Now since $(n-1)!^2$ is already a square the remaining part has to become a square for the hole expression to become a square. So, the smallest vallue for which $n(n+!)/2$ is a square is $8$

The format of this expression is $(A^2 - 1)(B^2 - 1)...$ . This can be factored as $(A+1)(A-1)(B+1)(B-1)$ . Factoring the first few numbers we get $(2-1)(2+1)(3-1)(3+1)(4-1)(4+1)$ or $1\times 3 \times 2 \times 4 \times 3 \times 5$ . To get a perfect square, each number must be repeated an even number of times. Here, 3 is repeated twice, 4 is a perfect square, but 5 and two are not repeated. The last number in our factoring (in this case, 5) will not have a number repeating it. Thus the last number should be a perfect square. We try N as 8 and we see the product is a perfect square.

Prior to the expression, we can factorize and simplify to know the integral factors. F = (2^2 - 1)(3^2 - 1)(4^2 - 1)...(N^2 - 1) = (2 - 1)(2 + 1)(3 - 1)(3 + 1)(4 - 1)(4 + 1)...(N - 1)(N + 1) = (1)(3)(2)(4)(3)(5)...(N - 1)(N + 1)

Observing the pattern, one part gives the product of consecutive integers. In order for F be a perfect square, the prime numbers must occur an even number of times. Doing the case-to-case analysis, we obtain N = 8 as the smallest number for F be a perfect square.

The above product can be expressed as Gamma(N)*Gamma(N+2)/2

Now we know that Gamma(N) = (N-1)! and Gamma(N+2) = (N+1)! = N(N+1)(N-1)!

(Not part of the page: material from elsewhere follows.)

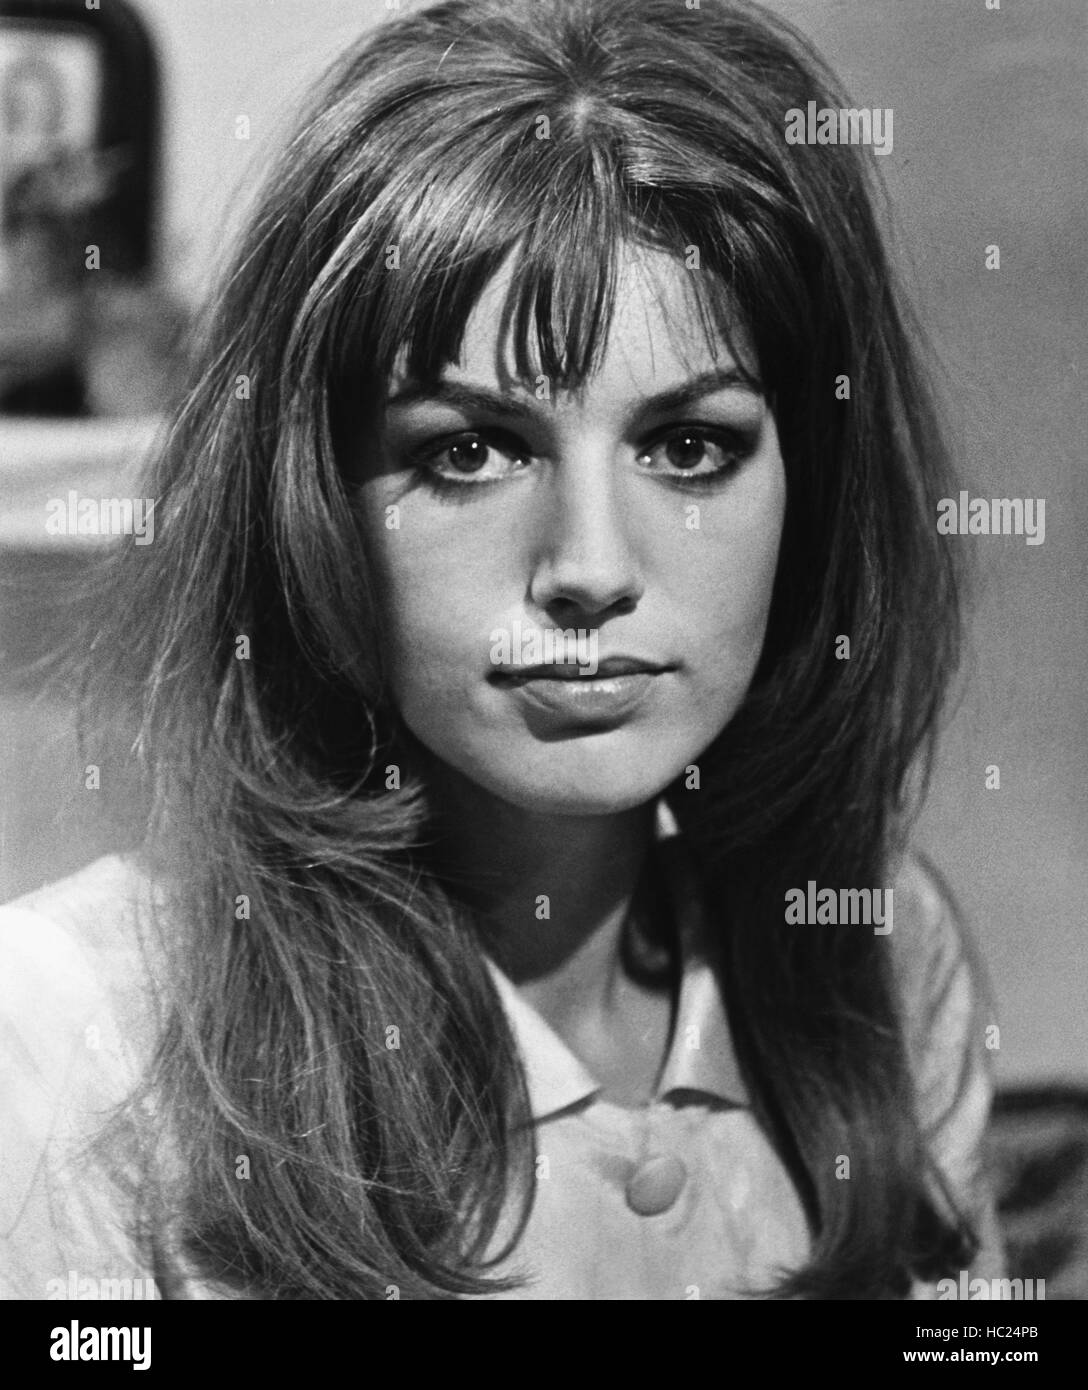 MADE IN ITALY, Catherine Spaak, 1965 Stock Photo - Alamy

So the above expression simplifies to ((N-1)!)^2*(N(N+1)/2)

All we need to show is that the number N(N+1)/2 which is a triangular number is ALSO a square

The first three triangular numbers which are squares are 0, 1 and 36

Since N >= 2, then it means that 0 and 1 are ruled out.

So equating (N(N+1)/2) = 36 and solving for N, will give us the value of N = 8.